BEGIN

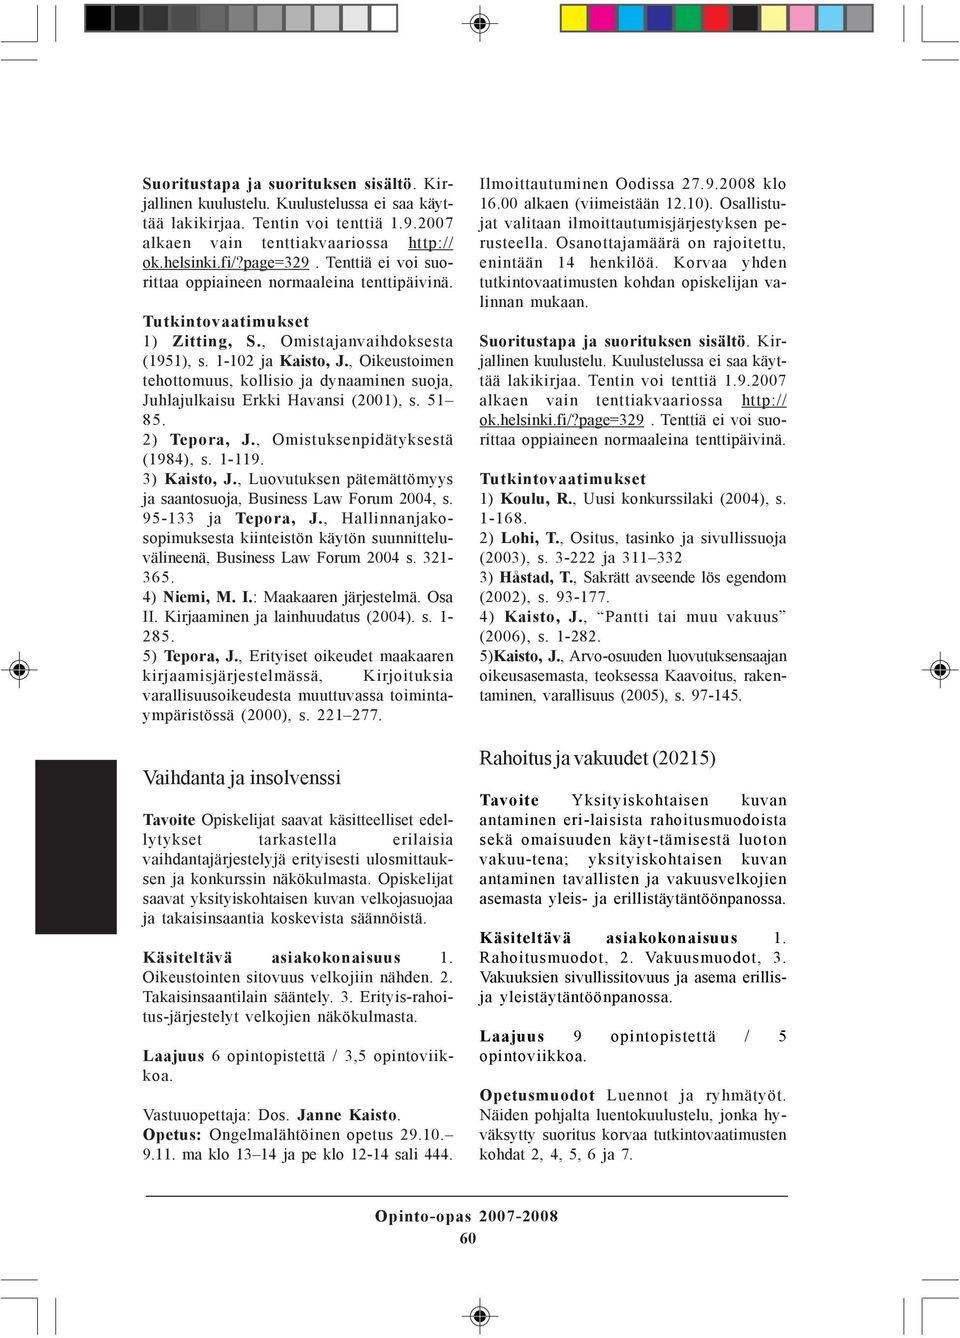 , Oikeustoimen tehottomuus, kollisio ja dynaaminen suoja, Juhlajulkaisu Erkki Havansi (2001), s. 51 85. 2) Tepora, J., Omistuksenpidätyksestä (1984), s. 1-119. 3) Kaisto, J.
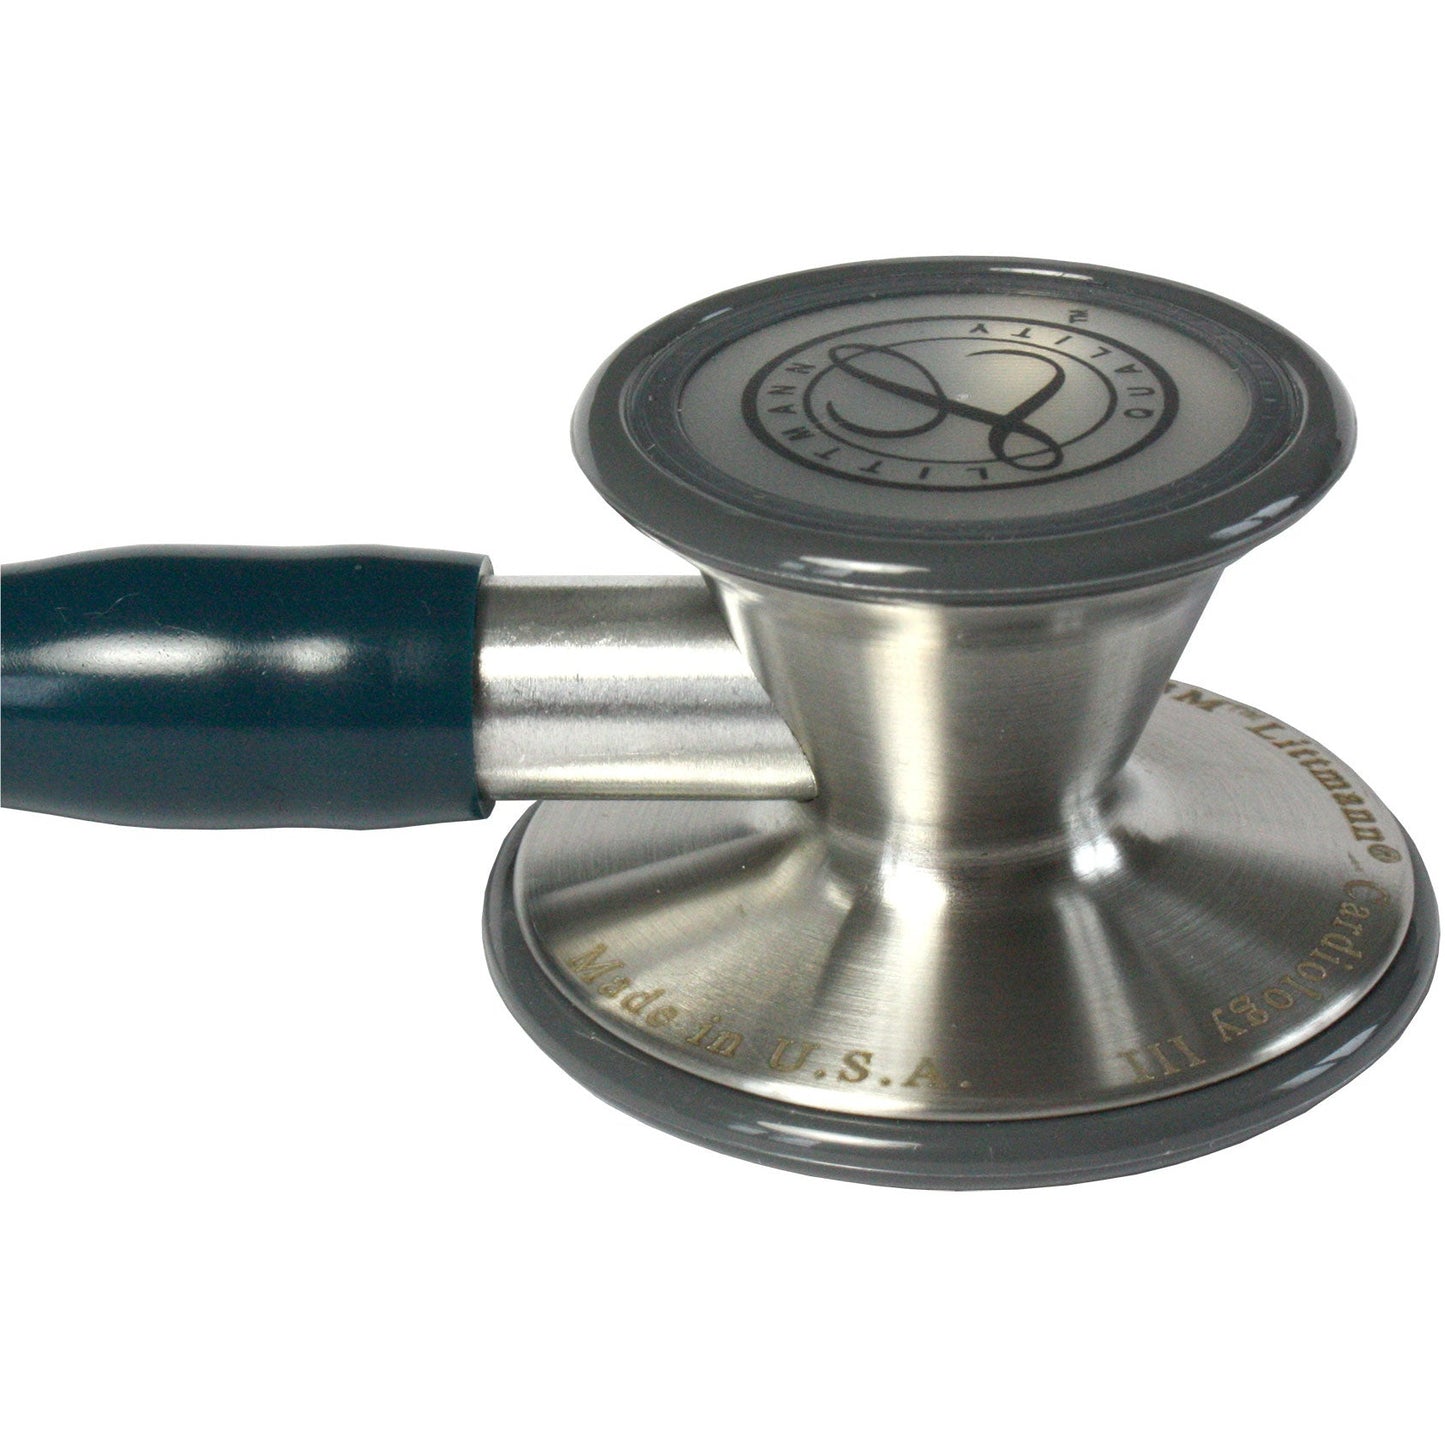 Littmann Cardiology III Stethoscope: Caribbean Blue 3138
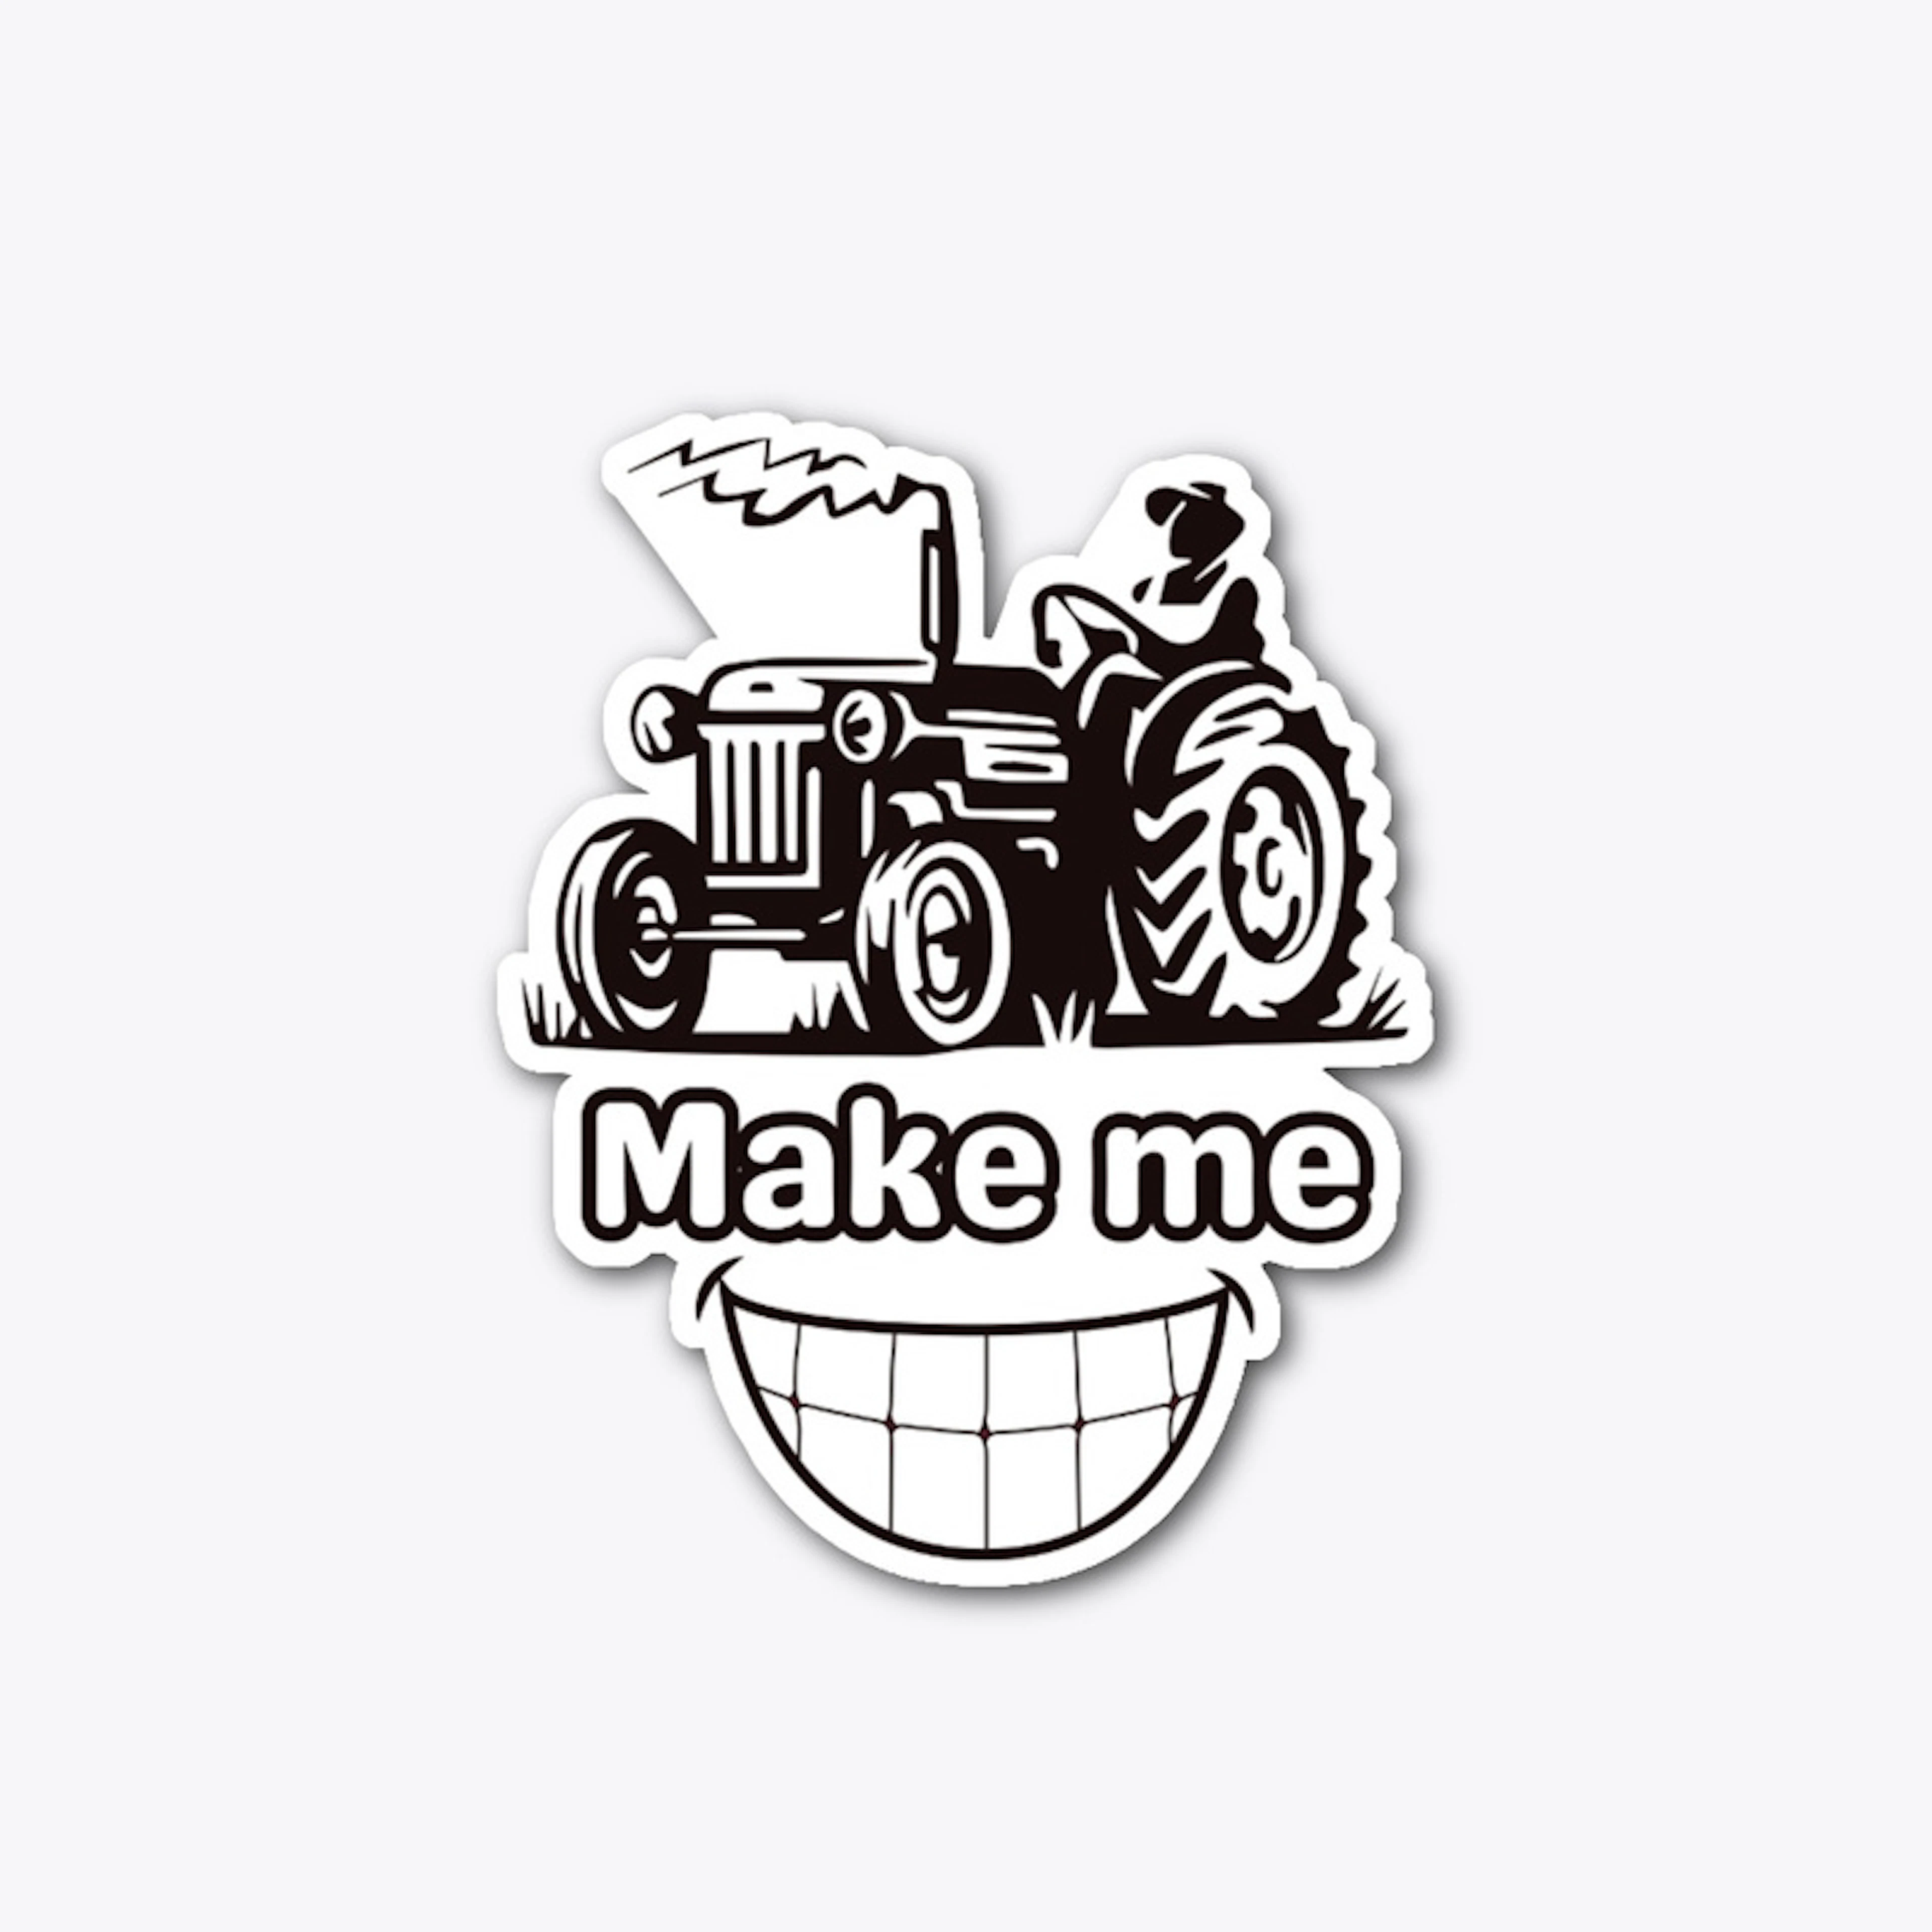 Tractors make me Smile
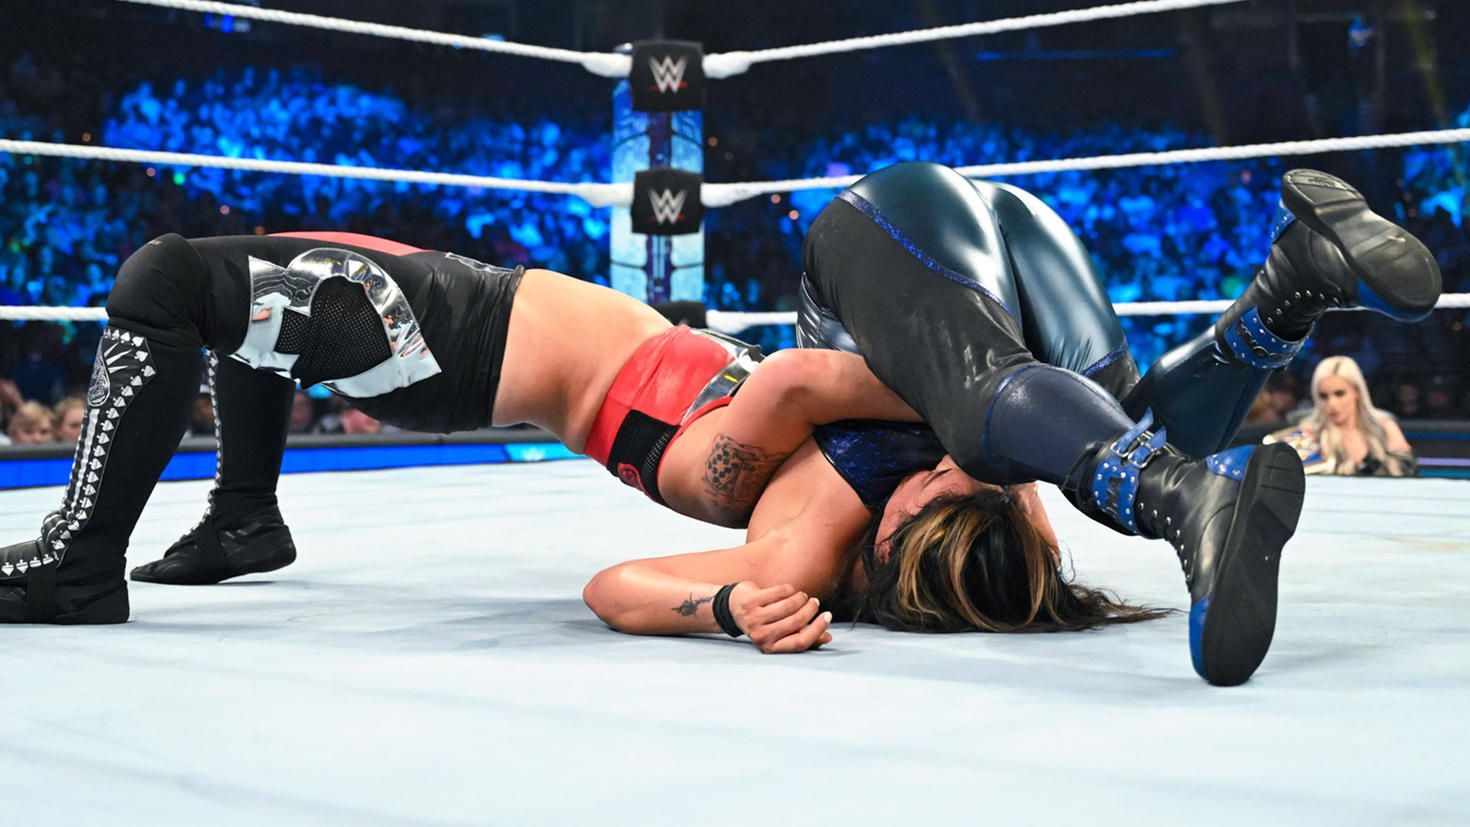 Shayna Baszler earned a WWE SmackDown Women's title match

END

WHAT NEEDS TO BE DONE: Exclude the pictures and print the rest of the data exactly.

RESPONSE TO THE EXERCISE:
 , Oikeustoimen tehottomuus, kollisio ja dynaaminen suoja, Juhlajulkaisu Erkki Havansi (2001), s. 51 85. 2) Tepora, J., Omistuksenpidätyksestä (1984), s. 1-119. 3) Kaisto, J.
 Littmann Cardiology III Stethoscope: Caribbean Blue 3138
 Tractors make me Smile
 Shayna Baszler earned a WWE SmackDown Women's title match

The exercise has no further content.